** Aim of the task **
Without including any pictures, give back all of the data exactly.

** Dataset extract **

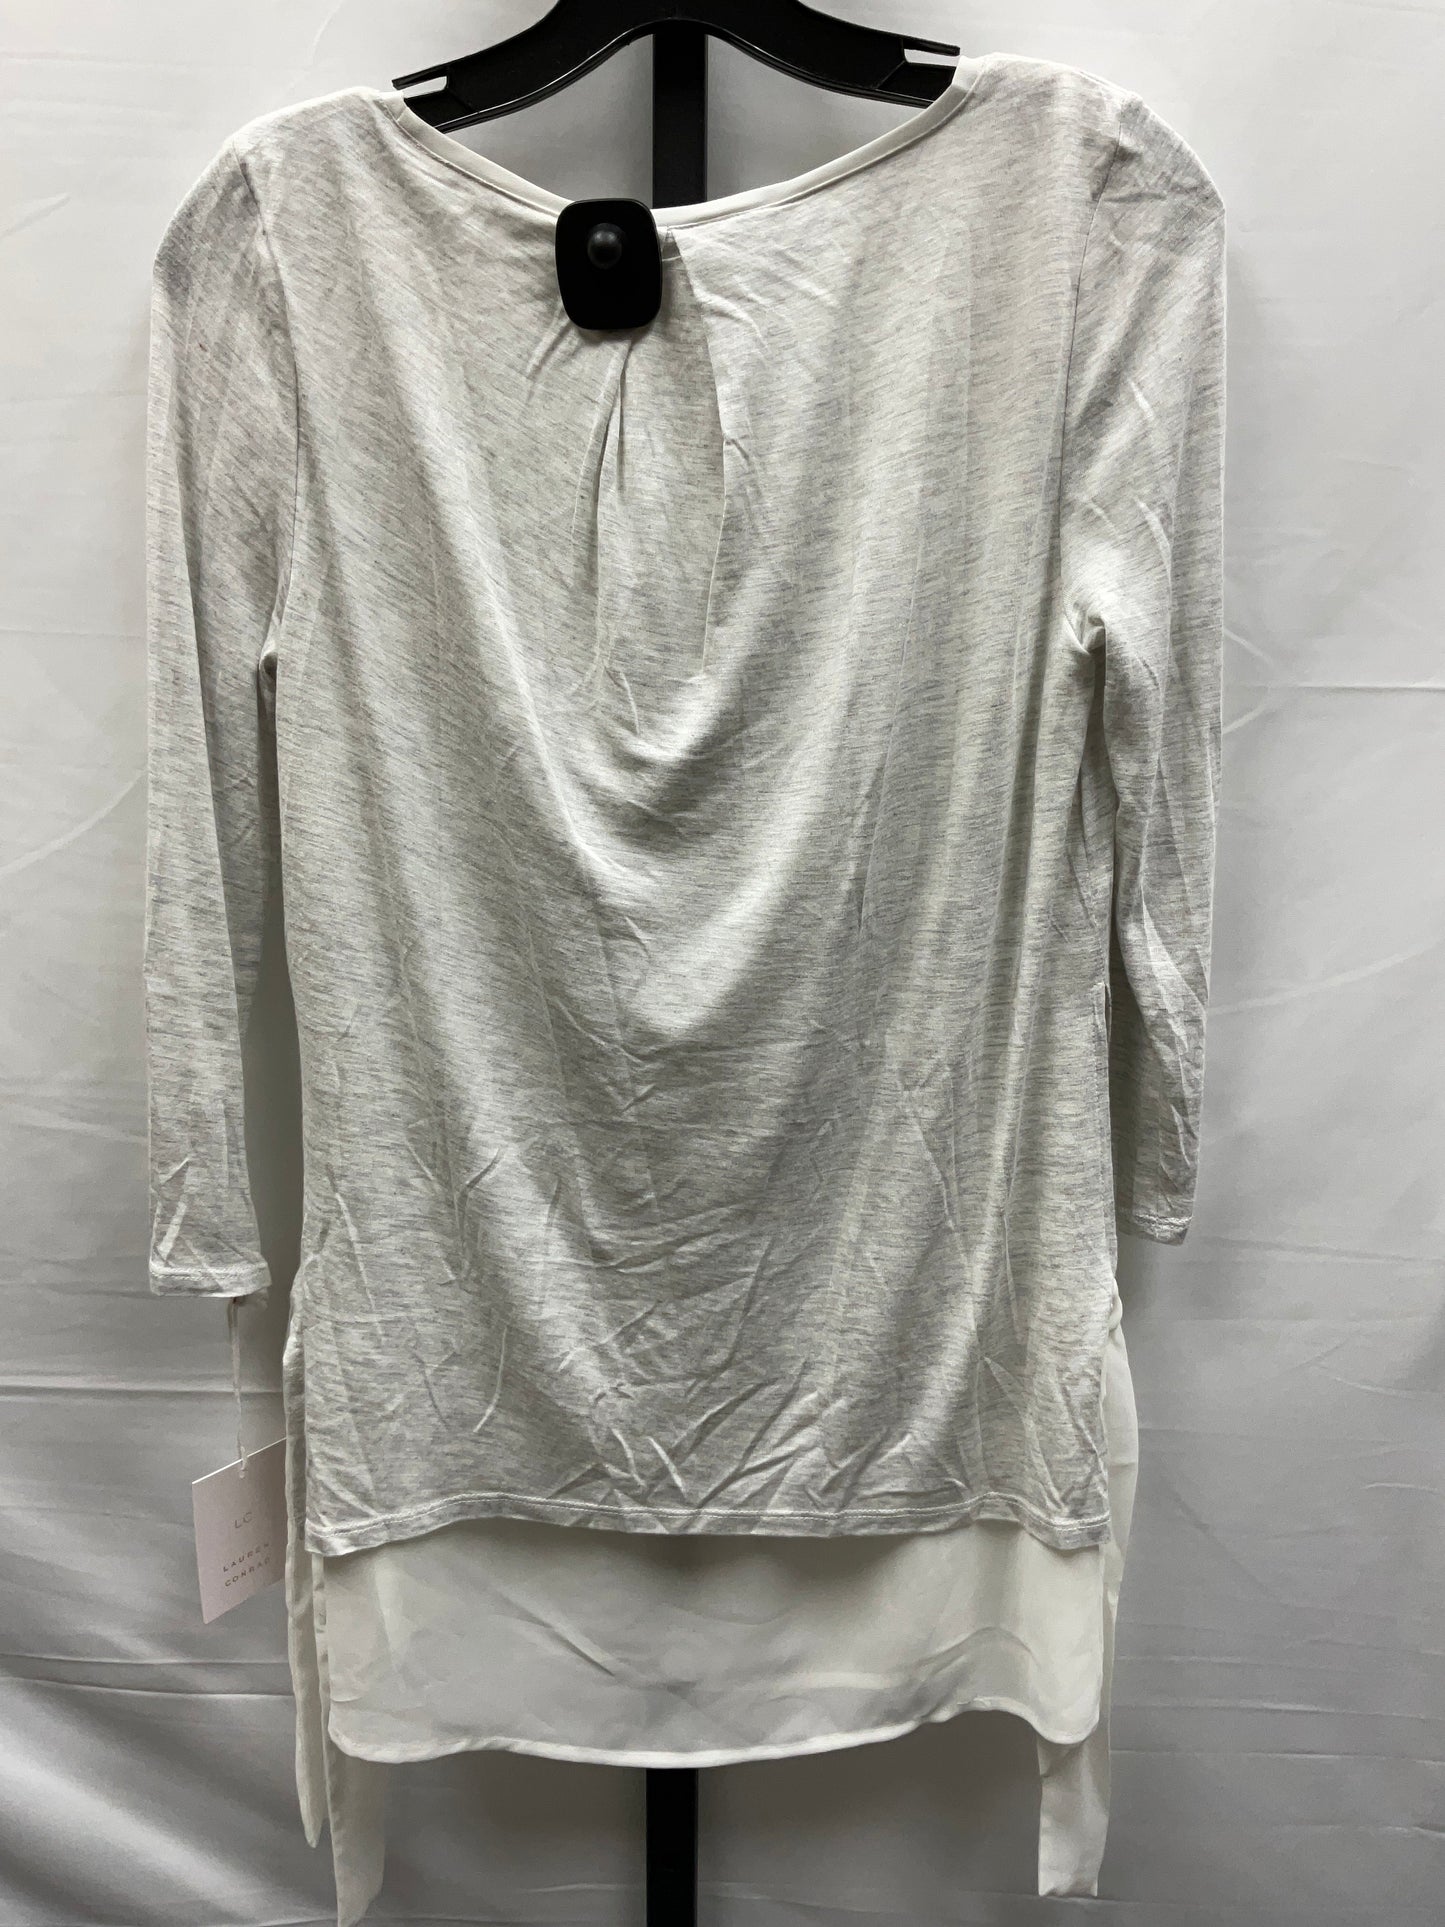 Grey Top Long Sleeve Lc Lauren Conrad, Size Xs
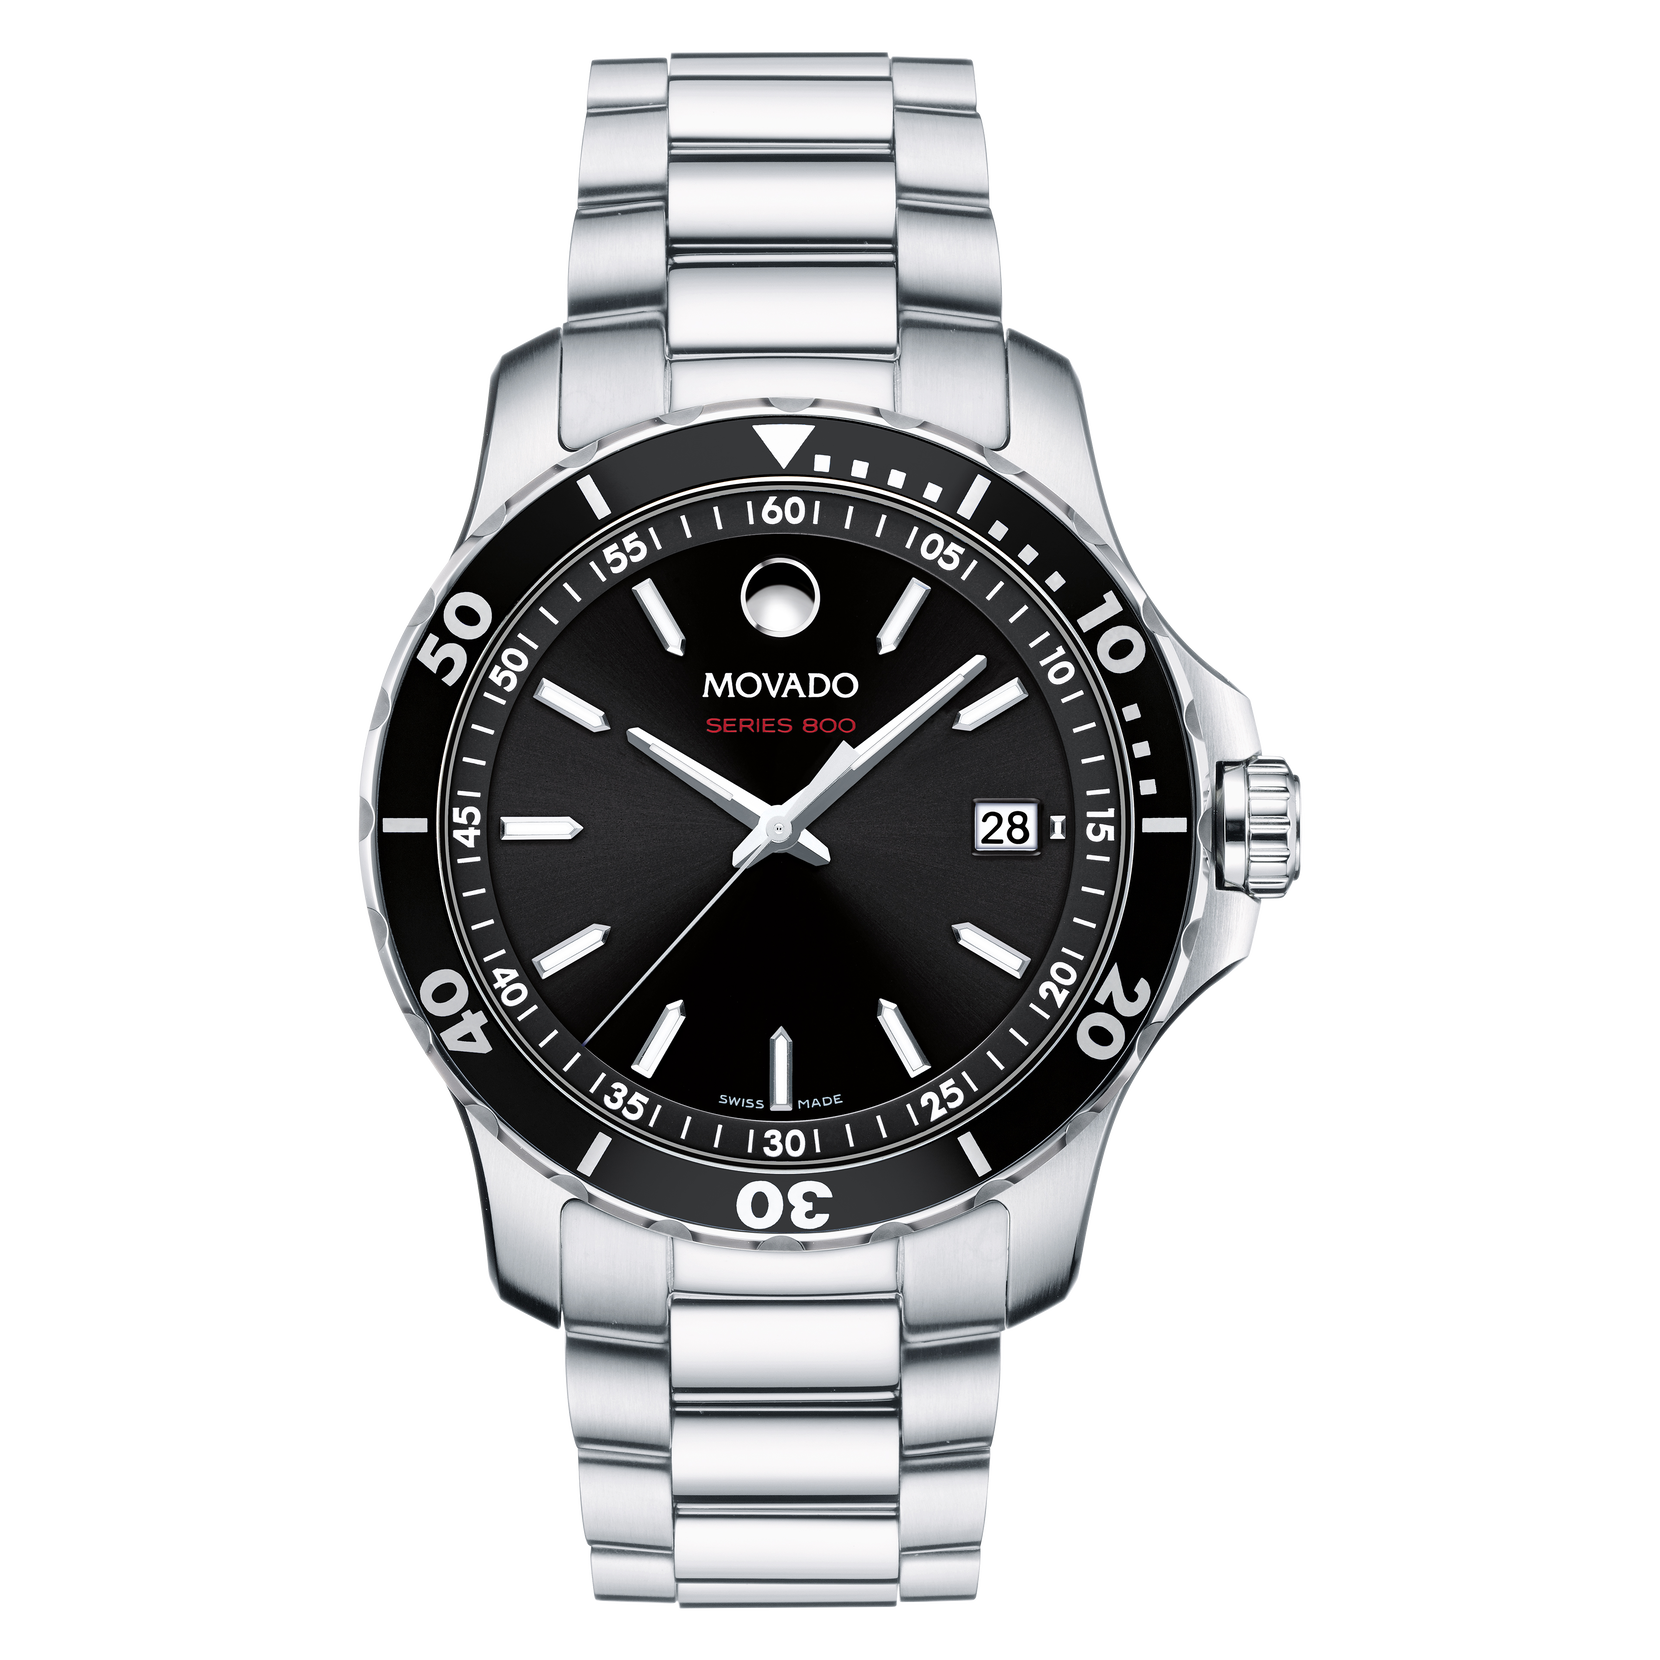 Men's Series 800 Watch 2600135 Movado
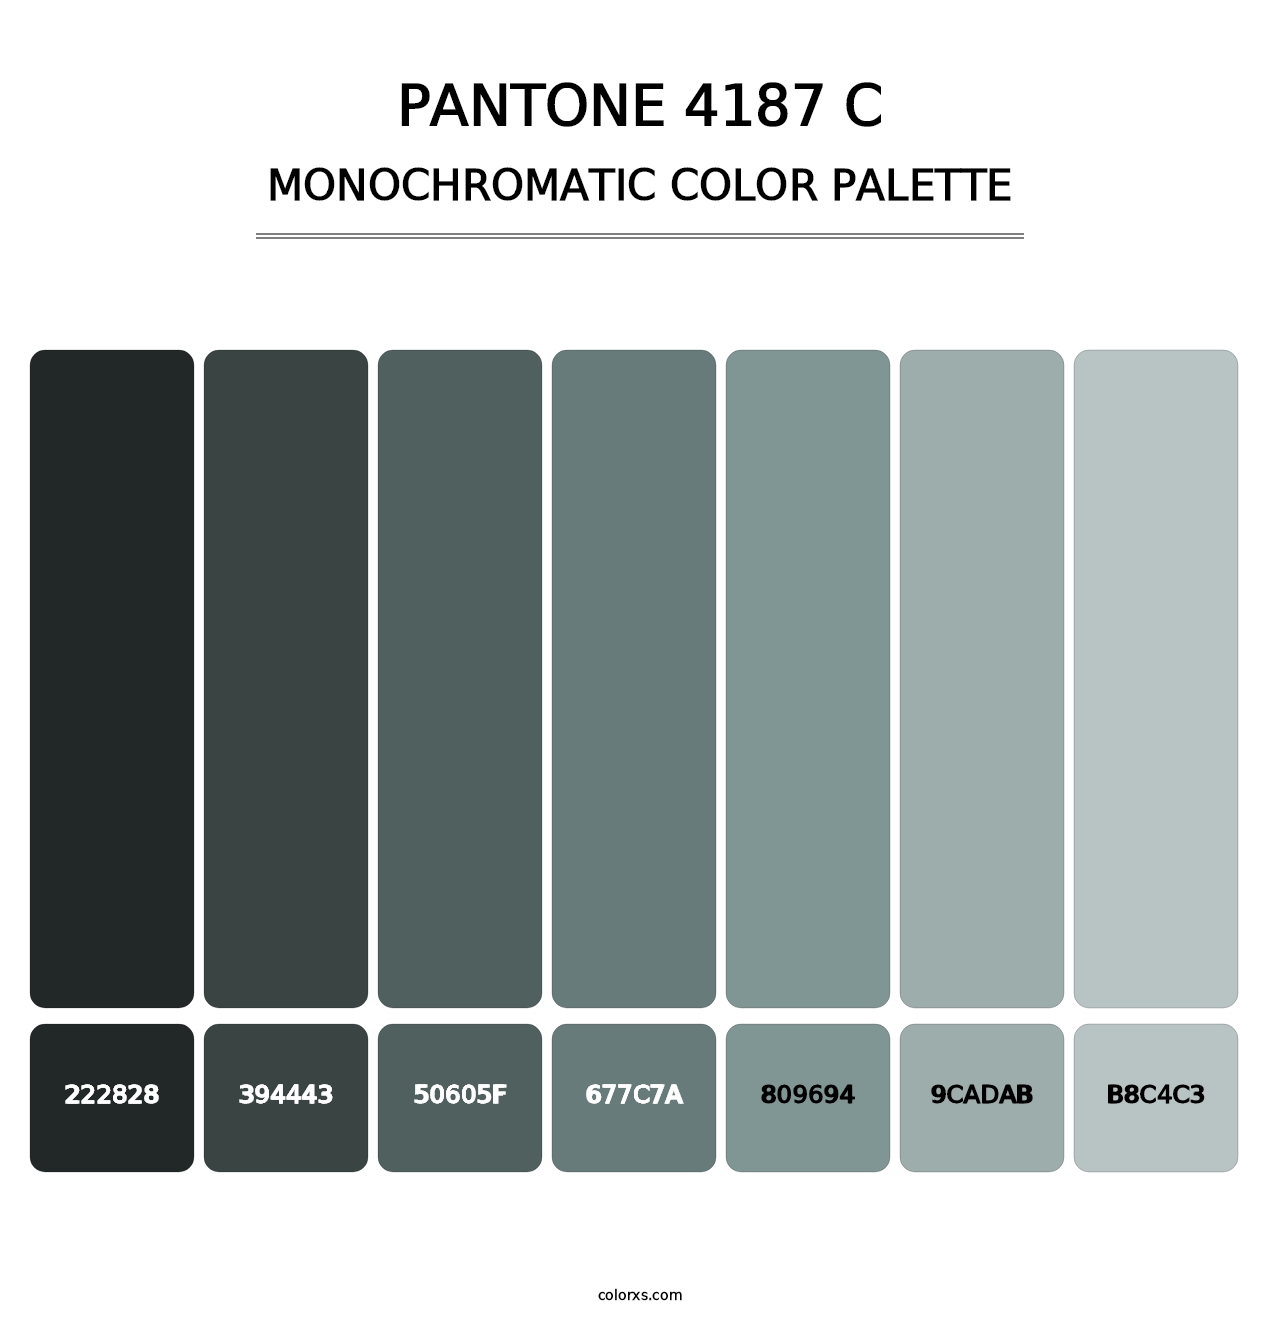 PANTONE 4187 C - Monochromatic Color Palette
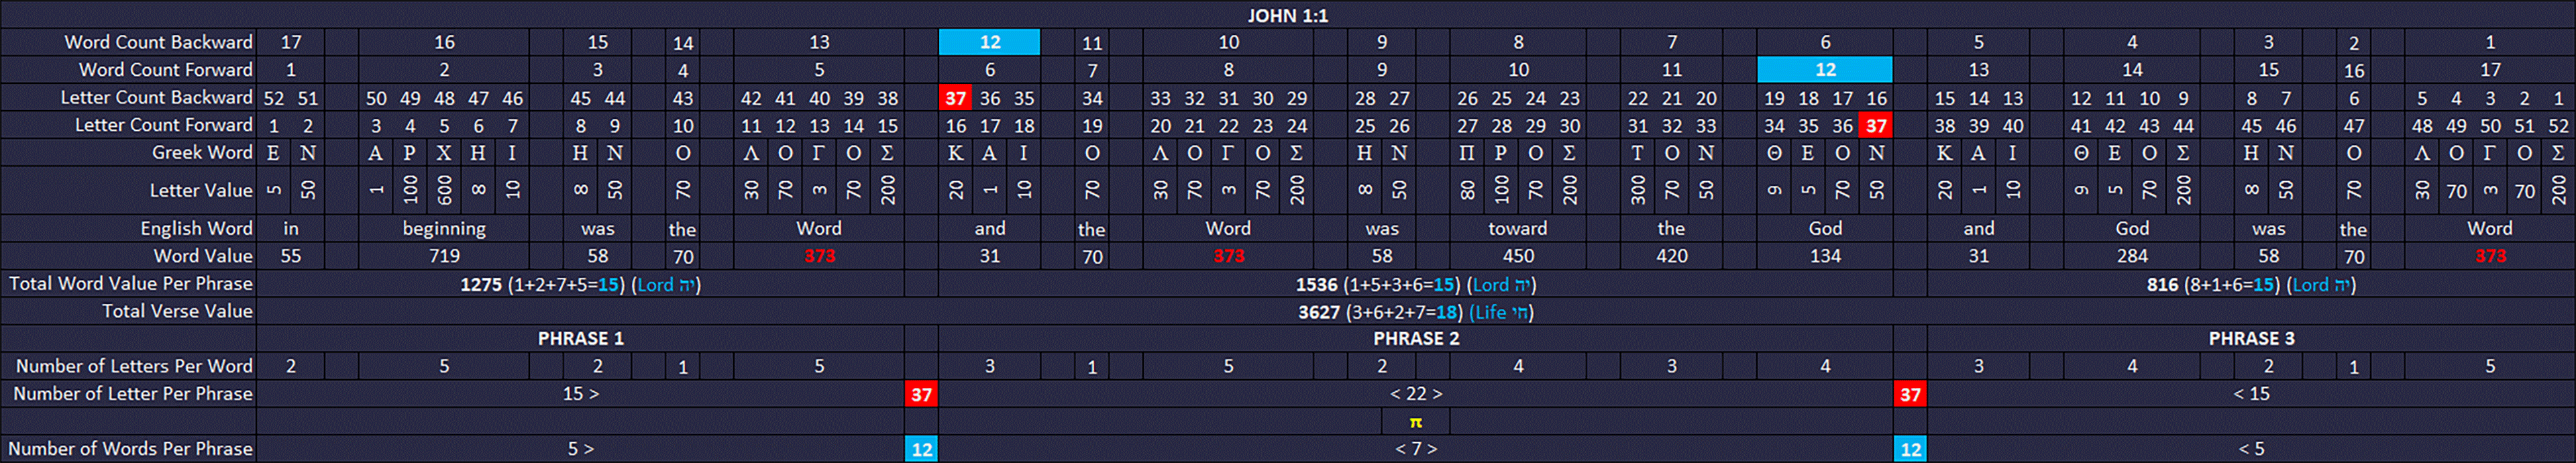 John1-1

** Task solution **
 Grey Top Long Sleeve Lc Lauren Conrad, Size Xs
 Men's Series 800 Watch 2600135 Movado
 PANTONE 4187 C - Monochromatic Color Palette
 John1-1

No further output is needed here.